Fig. 11 (a) (I) Scheme for the synthesis of Na₃V₂O₂(PO₄)₂F in a PTFE tube microreactor. TEM images of Na₃V₂O₂(PO₄)₂F prepared at different pH values: (II) pH 5.7, (III) pH 3.6, and (IV) pH 1.3. Reproduced with permission from ref. 174 Copyright 2021, Elsevier. (b) SEM images of (I) nano-NVOPF and (II) micro-NVOPF. Reproduced with permission from ref. 173 Copyright 2019, Elsevier. (c) (I) Schematic illustration of the formation process for hierarchical microspheres with various sizes and building blocks. (II) FESEM images of NVP/C-MSs. Reproduced with permission from ref. 179 Copyright 2019, Elsevier.

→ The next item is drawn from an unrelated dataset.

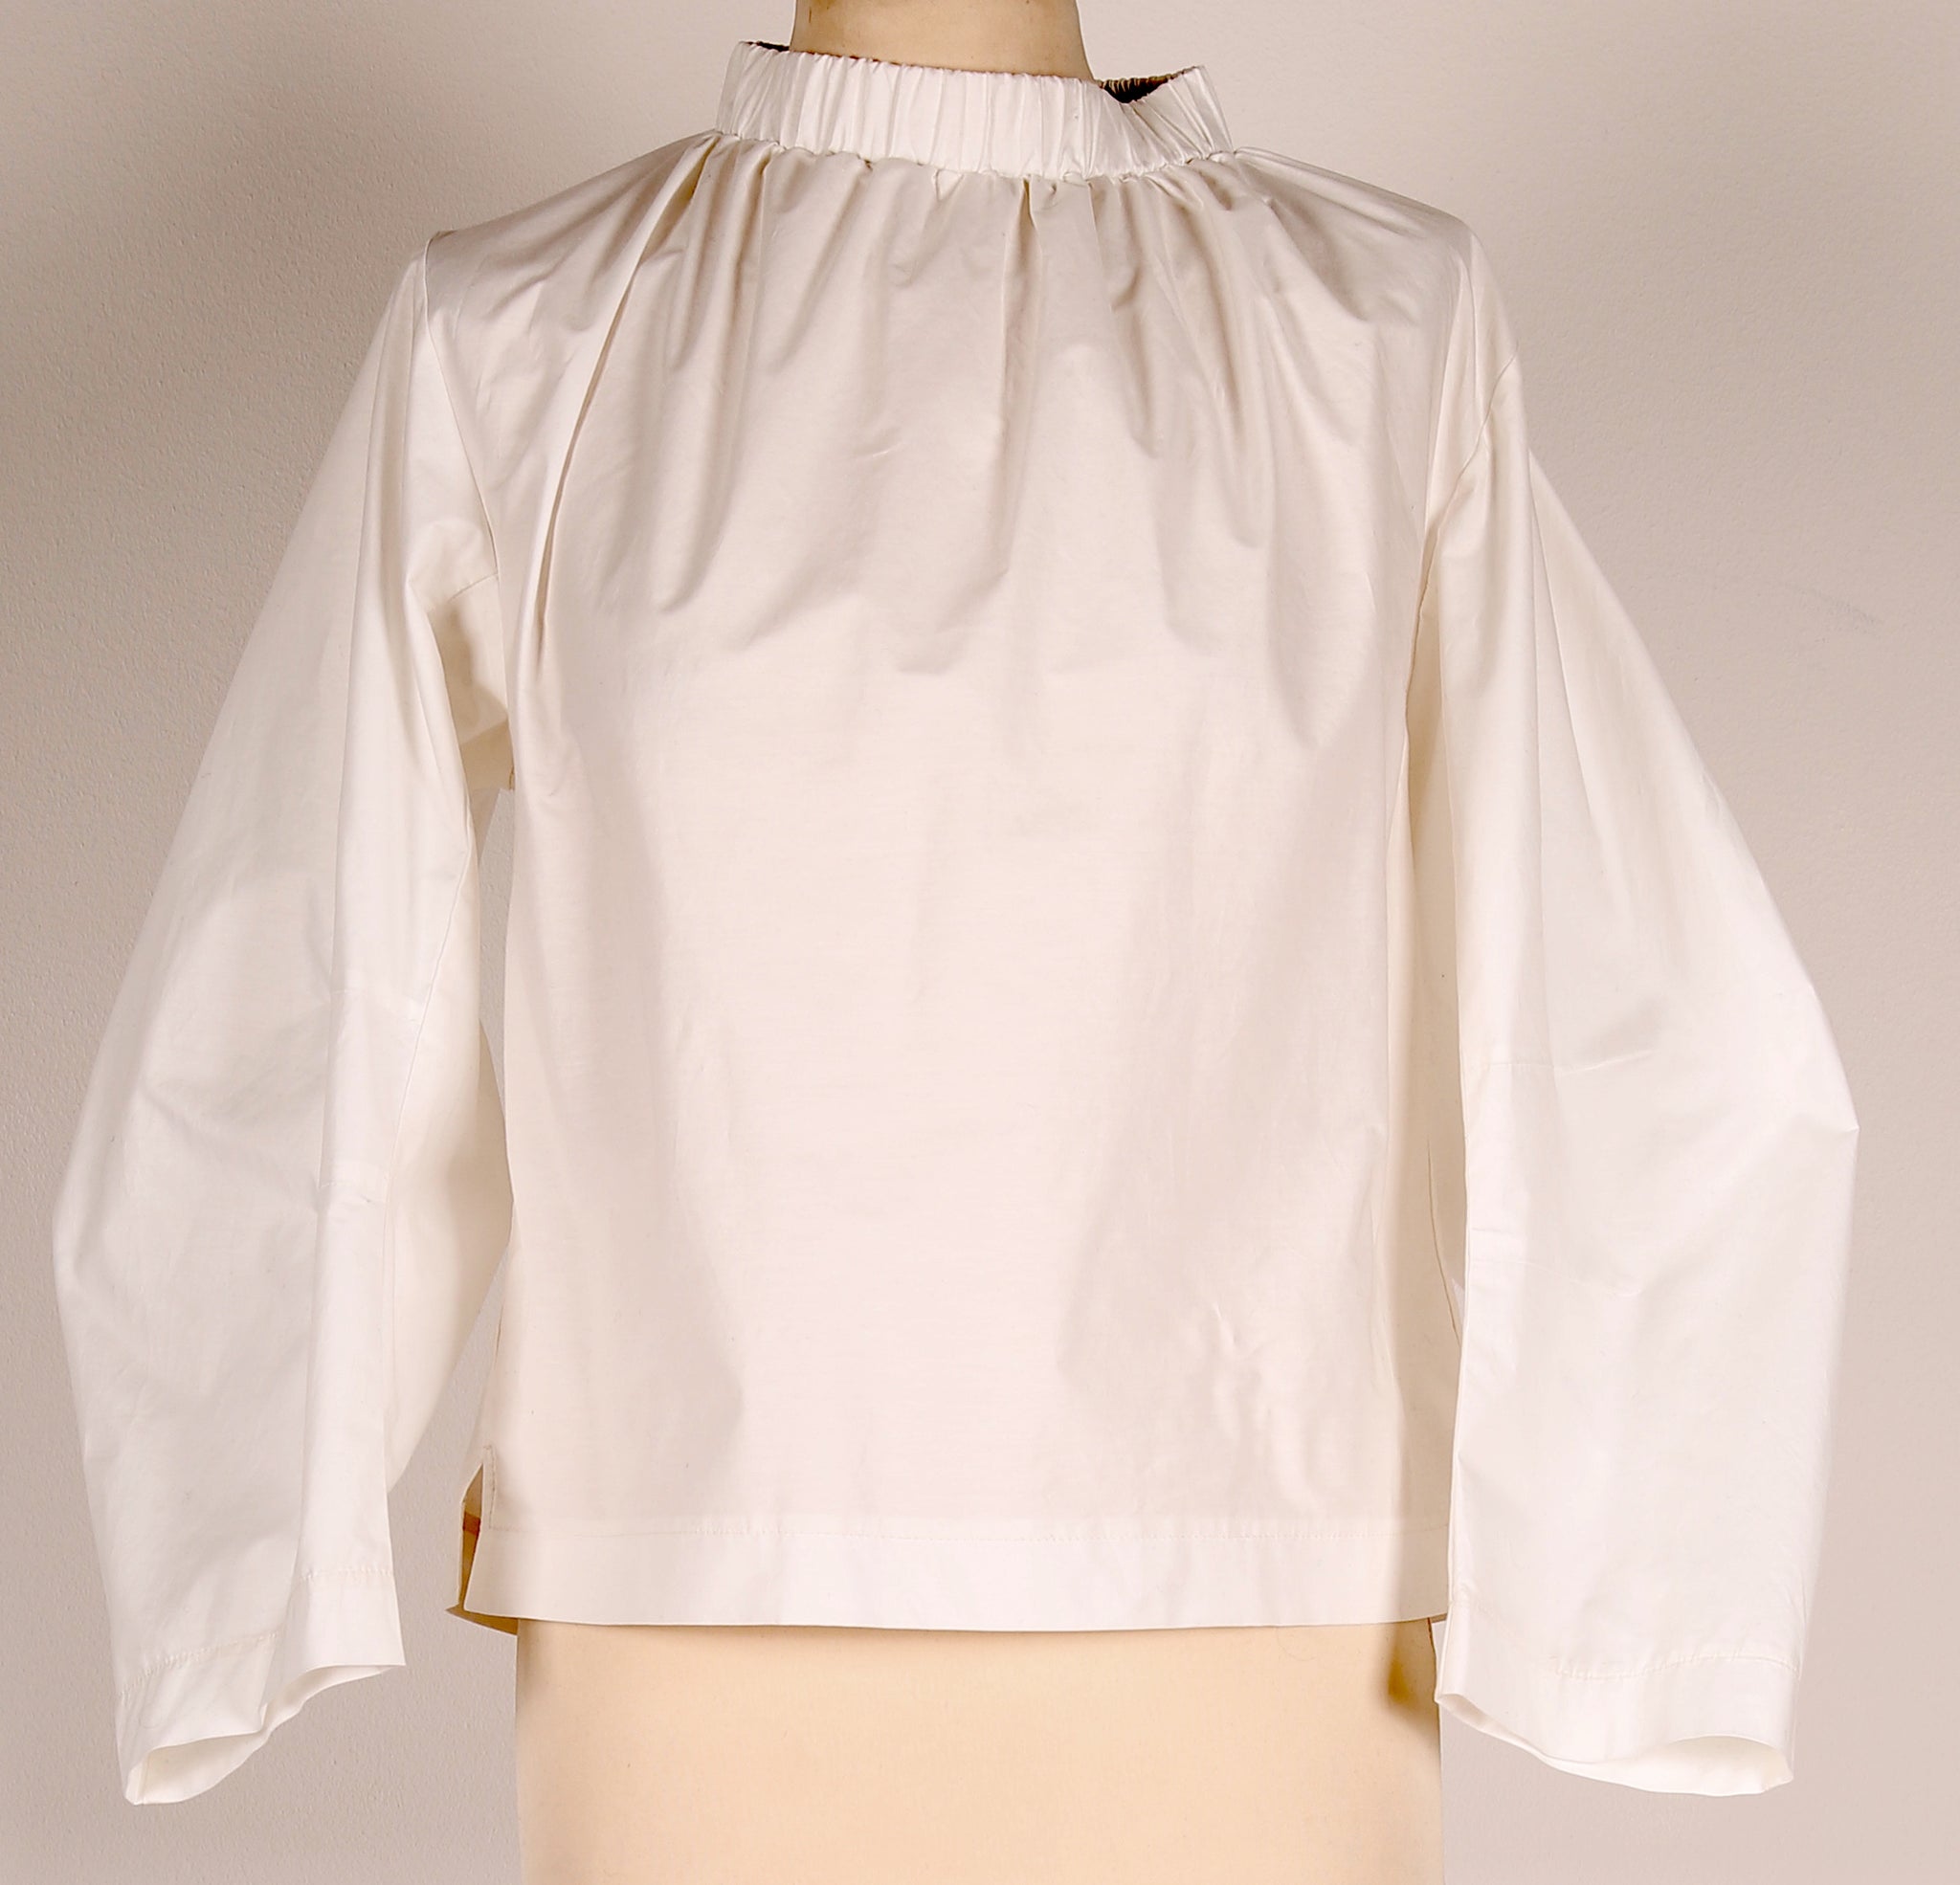 White Blouse With a Gathering

Based on the nanocrystallization of material particles, the design of active materials with unique morphology is also an effective strategy to improve the performance of the positive electrode.^180,181 Gao et al.¹⁸² prepared a mesoporous material Na₄Fe₃(PO₄)₂(P₂O₇) (NFPP@C@rGO) with a cross-linked double-carbon skeleton by a one-step solid-state method (Fig. 12aI), showing a 3D mesoporous sponge-like morphology as shown in Fig. 12aII and III. The porous structure effectively increases the contact area between the NFPP material and the electrolyte, shortens the diffusion distance of Na⁺ and improves the electronic conductivity. Finally, NFPP@C@rGO achieved excellent cycle stability at room temperature (86.7% capacity retention after 30 000 cycles at 20C) and high temperature (98.2% capacity retention after 200 cycles at 1C at 60 °C). As shown in Fig. 12b, Sun et al.¹⁸³ synthesized a unique Craspedia globosa-shaped Na₃V₂(PO₄)₃ (NVP-180) by the methanol hydrothermal method. It can be seen from Fig. 12b that this unique surface covers multiple interlaced paths. It not only increases the contact area between the active material and the electrolyte, but also provides sufficient paths for accelerating electron transport and effectively improves the electronic conductivity. Finally, NVP-180 still has a capacity retention rate of 88.7% after 1200 cycles at 10C due to its unique morphology.

Fig. 12 (a) (I) Scheme for the synthesis of the NFPP@C@rGO sample by the facial solid-state route. (II and III) SEM images of the NFPP@C@rGO sample. Reproduced with permission from ref. 182 Copyright 2023, Elsevier. (b) Schematic diagram of the synthesis of the NVP-180 sample by the hydrothermal method; the conductive mechanism diagram of NVP-180. Reproduced with permission from ref. 183 Copyright 2022, Elsevier. (c) (I) Flow diagram of the synthesis of CHACC-CNTs-NVP. (II and III) TEM images of etched CHACC-CNTS-NVP. Reproduced with permission from ref. 184 Copyright 2023, American Chemical Society.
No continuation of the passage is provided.